9/10
Sacrificing For The Realm You Rule
27 April 2010
The tragedy of Mary Stuart of Scotland is that she never could put boundaries between her heart and her needs and the necessity of sacrificing those for the realm you rule. This is the contrast that so many writers have been fascinated with, the contrast between her cousin and rival Elizabeth of England.

Mary, Queen of Scots has the story start where it properly belongs in France where the Queen Consort of the sickly Francis II has two deaths happen to her which forever alter her life. Her husband the king and her mother Mary Of Guise who has been ruling Scotland as regent for her daughter. At the same time Mary attains her majority and decides to rule in Scotland as her mother-in-law Katherine Kath playing Catherine DeMedici really doesn't want her around.

Her brothers the Duke of Guise and Cardinal Guise belonged to a family that was described as more Catholic than the Pope. They were real big on stamping out the Protestant heresy which was growing on the British Isles. Her mission was bring back the old religion.

Like John Ford's Mary Of Scotland the film turns on the performances and rivalries Vanessa Redgrave as Mary and Glenda Jackson as Elizabeth. Katharine Hepburn and Florence Eldridge played Mary and Elizabeth in the Ford film and Redgrave and Jackson are every bit their equal. Jackson in fact probably made Elizabeth I her career role because this same year she starred in a six part mini-series for the BBC, Elizabeth R. The story of Mary and Elizabeth is part of that as well.

Mary made her decisions impulsively and was as likely to consult her hormones before her gray cells. She married three times first to Francis (Richard Denning), then Lord Darnley played by Timothy Dalton, and finally and most impulsively Lord Bothwell played by Nigel Davenport who threw his own wife out. Each was a different type of man, but all the marriages ended disastrously. With Darnley she gave birth to James who became James VI of Scotland and eventually James I of England.

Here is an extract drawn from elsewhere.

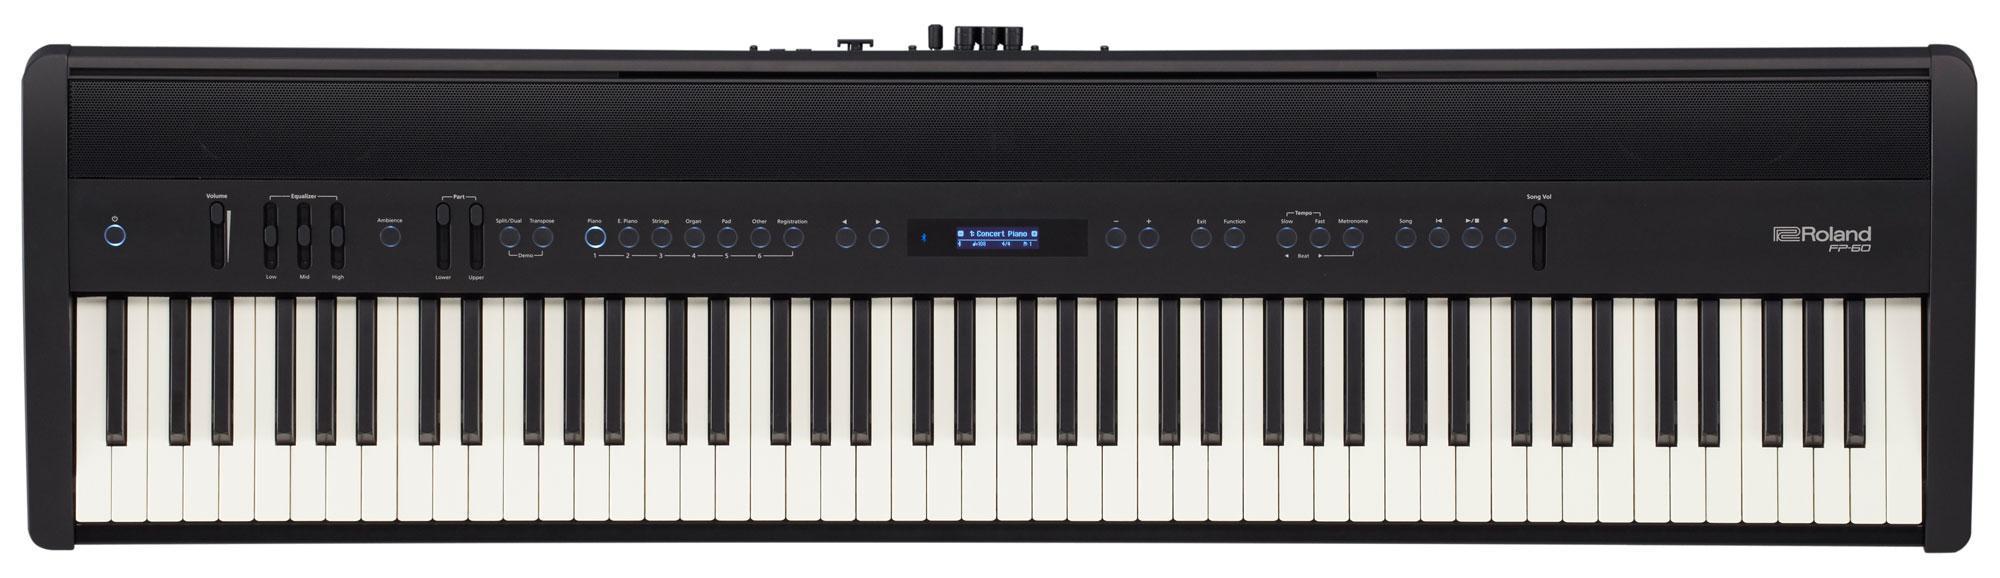 Roland FP 60 BK Stagepiano schwarz

Elizabeth on the other hand had her passions, but her realm always came first. Glenda Jackson is quite the calculating machine, her scene with Trevor Howard as her chief minister William Cecil where she sends both Dalton and her lover Daniel Massey as Robert Dudley later Earl Of Leicester to Mary and explaining how if Mary chooses either, she Elizabeth will wind up a winner. We call it a win/win situation six centuries later, but Elizabeth was a tough survivor and was lucky to be Queen. That took an incredible combination of circumstances and to get an idea about that one should see the Jean Simmons film, Young Bess.

The smartest guy in the film is Patrick McGoohan who plays the Earl Of Moray. He was Mary Stuart's illegitimate half brother, a tried and true Protestant, but knew how to play the religious and political game which blended so often in that and the next two centuries. If Mary had listened to him, she'd have died a Queen although maybe without all the royal prerogatives.

Mary, Queen Of Scots's story has been told on stage, screen, and even the grand opera. It's one about human frailty and losing all for love and every human on planet earth can identify with that. This telling of the story of Mary, Queen Of Scots is a good one, but by no means will be the last.